É Proibido Fumar - Roberto Carlos (Discoteca Básica - Revista Bizz 1990)

O rock brasileiro estava começando a ganhar uma cara, uma personalidade própria no início dos anos 60, quando a nascente Jovem Guarda, que viraria um fenômeno de renovação e popularidade na juventude brasileira, começava a nascer e se firmar. Em 1964 e era dos grandes festivais, que viria a revolucionar e chacoalhar a MPB, ainda não havia acontecido, e a música jovem, com guitarras elétricas e um novo jeito de contar histórias e falar de amor nas letras, representava a grande novidade musical do período. E Roberto Carlos era o maior porta-voz daquele movimento. Seu disco É Proibido Fumar, representou um estopim para a afirmação do rock brasileiro, e pode ser considerado um verdadeiro clássico atemporal.
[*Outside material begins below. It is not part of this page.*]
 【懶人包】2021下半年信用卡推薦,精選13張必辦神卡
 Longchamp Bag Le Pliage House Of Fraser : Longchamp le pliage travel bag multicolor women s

Em sua edição de agosto de 1990, a revista Bizz em sua sessão Discoteca Básica fazia uma análise desse disco, num texto escrito por Celso Masson:
"Na história da música brasileira não há nada tão pitoresco. Aos seis anos de idade, um garoto pobre de Cachoeiro do Itapemirim é colhido por um trem e perde a perna direita. Quem o socorre é um madeireiro , que o leva para o hospital local após ter improvisado um garrote com seu próprio terno. É o madeireiro quem arca com as despesas do hospital - mais tarde ele seria homenageado pelo garoto com um convite para ser seu padrinho de batismo. Mais uma peculiaridade: até os vinte anos, Roberto Carlos ainda não tinha sido batizado.
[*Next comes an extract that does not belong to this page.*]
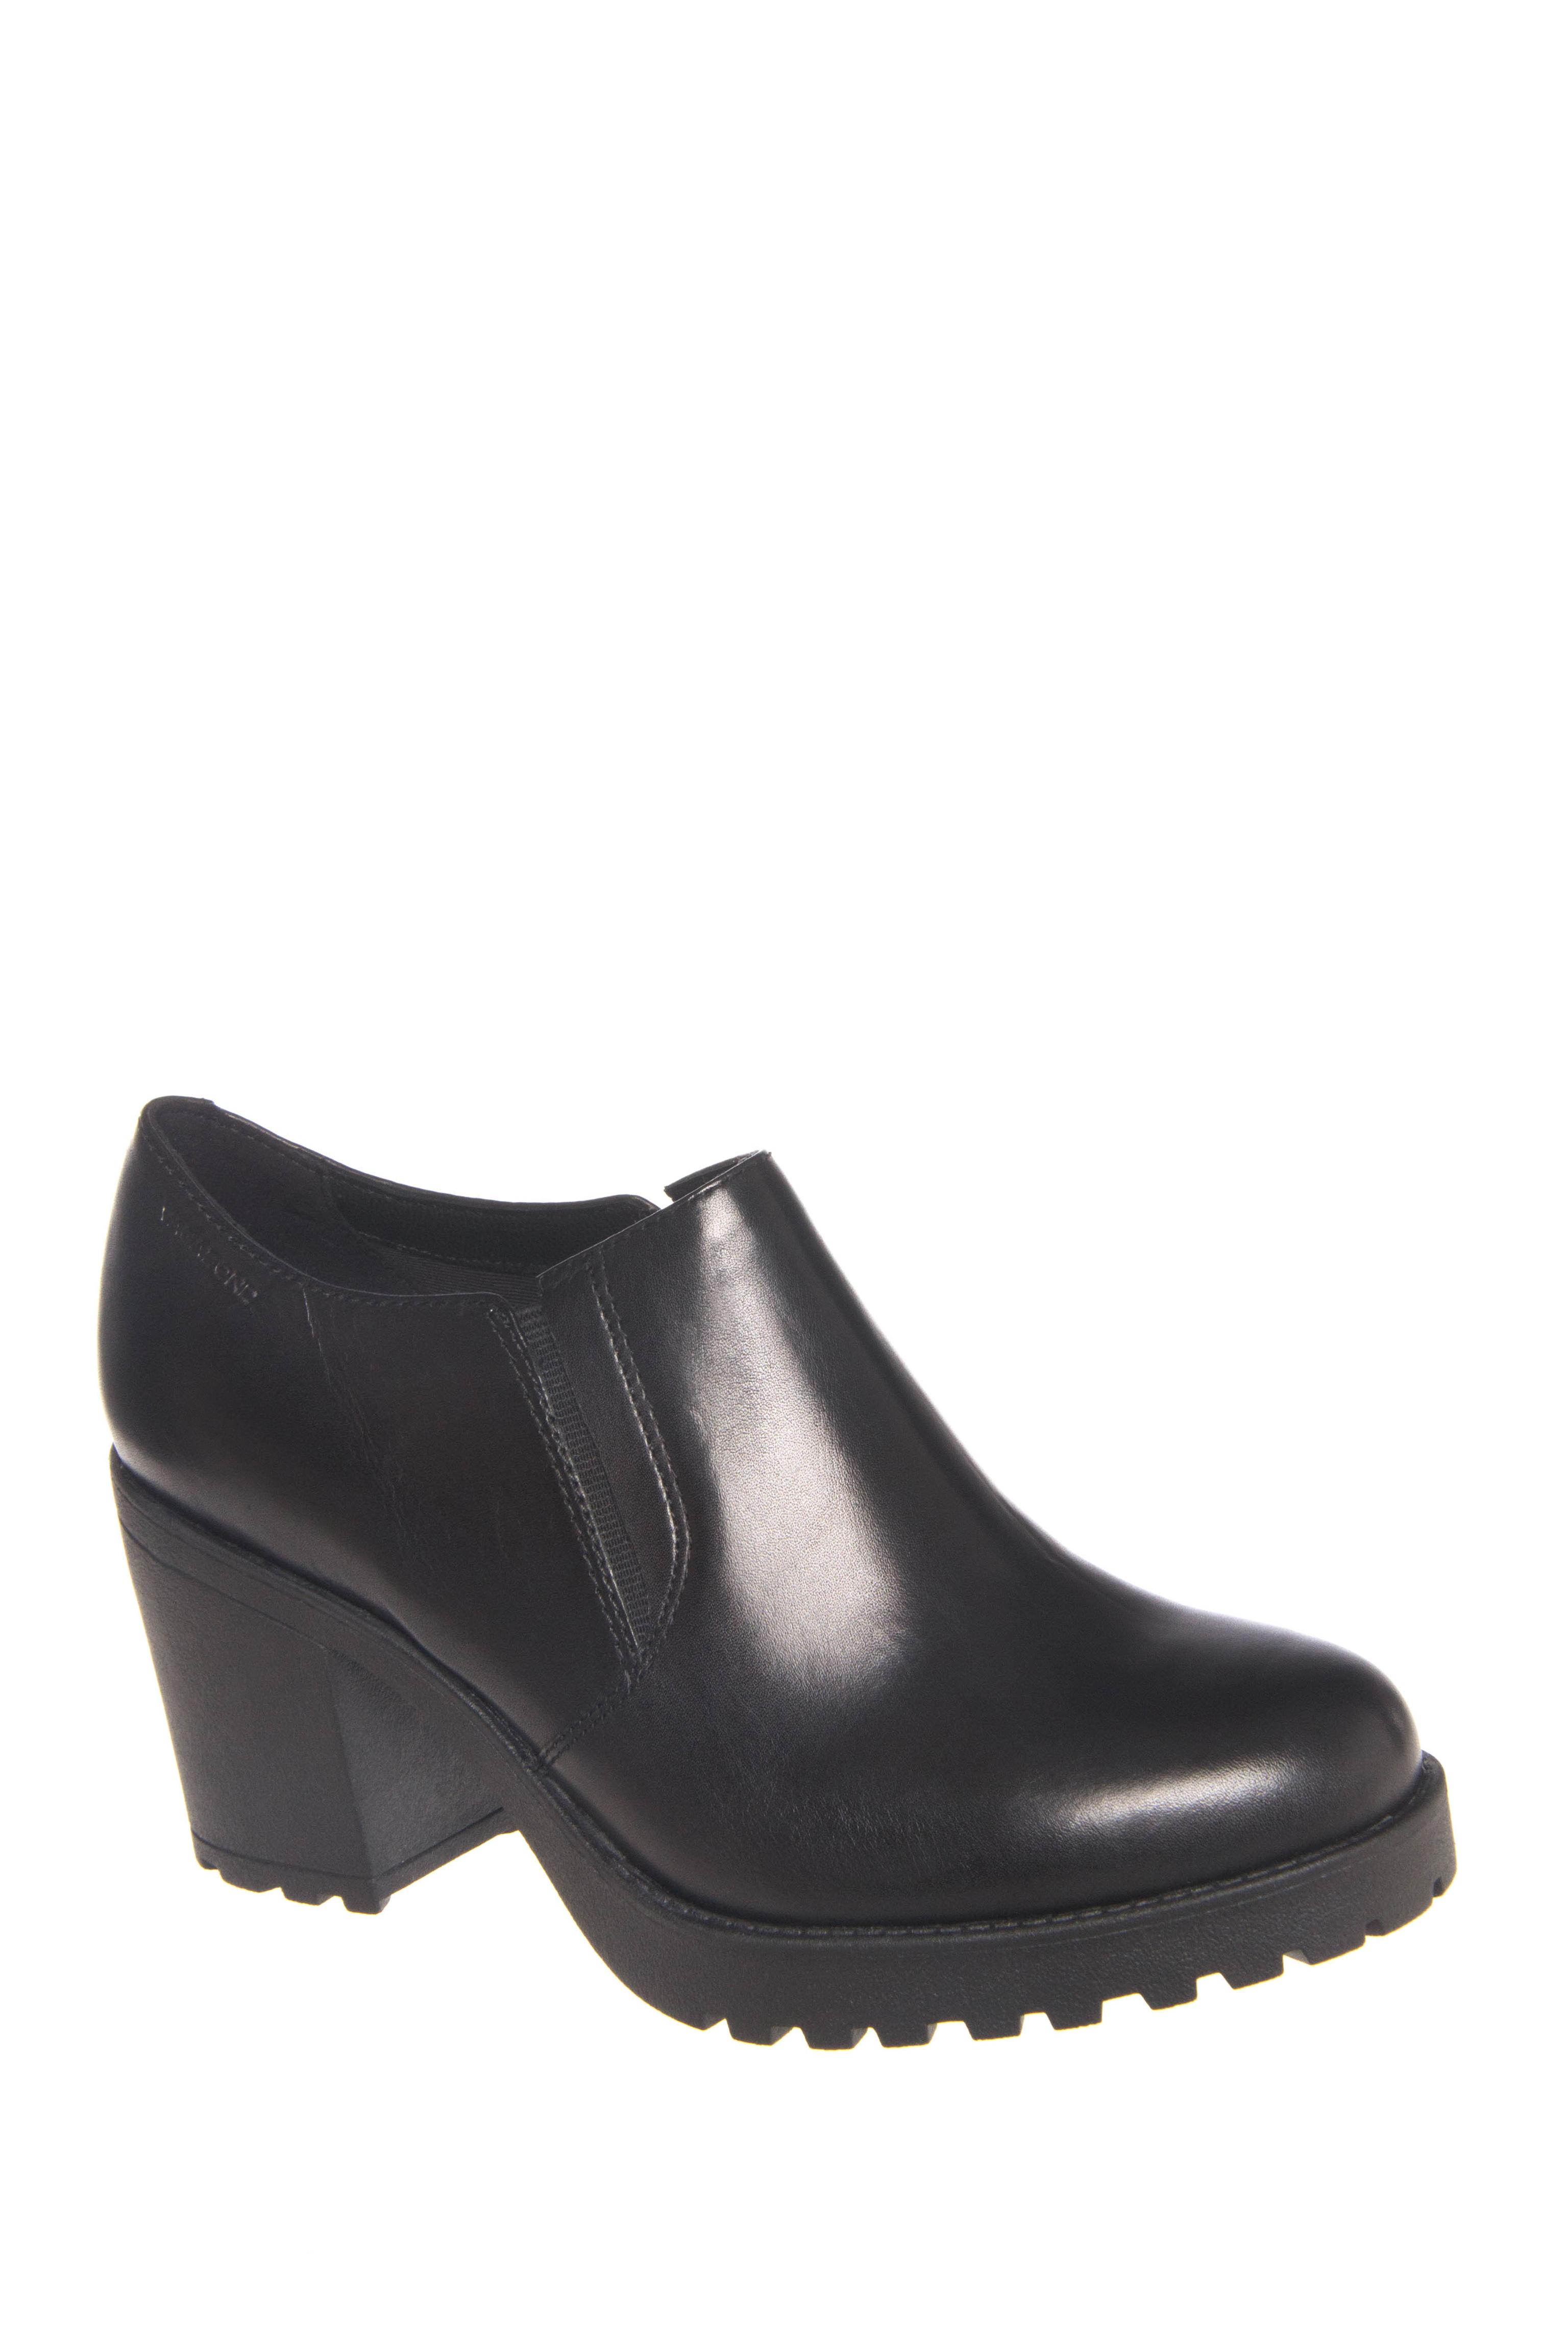 Vagabond Grace Mid Heel Low Rise Boots - Black

No final dos anos 50, Roberto inicia sua carreira, tocando violão e cantando músicas de bossa nova na boate Plaza, no Rio de Janeiro. Em 61, grava seu primeiro LP, Louco por Você. Sem sucesso imediato, algumas de suas canções começam a ser executadas em programas como Peça Bis Pelo Telefone e Hoje É Dia de Rock.  Surgem os primeiros convites para apresentações, mas até aí nada de excepcional.
Os primeiros sucessos vêm com seu segundo LP, lançado em 63, que traz 'Parei Na Contramão' e 'Splish Splash'. Com estas músicas, Roberto Carlos começa a ser conhecido em todo o Brasil, via programas de TV. O grande estouro e a 'coroação' já se esboçam, mas só chegam de fato após o álbum Roberto Carlos Canta Para A Juventude (65). Motivada pela explosão mundial da beatlemania, a TV Record cria um programa de auditório voltado exclusivamente para o público jovem, convocando Roberto Carlos para comandá-lo - ao lado de Erasmo Carlos e Wanderléa. A Jovem Guarda rapidamente vira uma febre. Bate todos os recordes de audiência. Gírias como 'é uma brasa, mora?', 'bicho' e 'carango' são incorporadas ao linguajar dos aficionados pelo programa que também usam roupas e adereços à maneira do ídolo. A coisa rola como uma bola de neve. O cineasta Roberto Faria transforma o LP Em Ritmo de Aventura (67) num filme que vira paixão nacional. Em 68, na Itália, o 'rei' vence o festival de San Remo. A coroa está definitivamente conquistada.
A história mais recente, dos anos 70 pra cá, dispensa comentários. Mas nada disso teria acontecido se, em 64, a frase fixada em ônibus, trens e elevadores não tivesse parado na capa de um LP: É Proibido Fumar, obra-prima que deu à música brasileira moderna seu maior mito.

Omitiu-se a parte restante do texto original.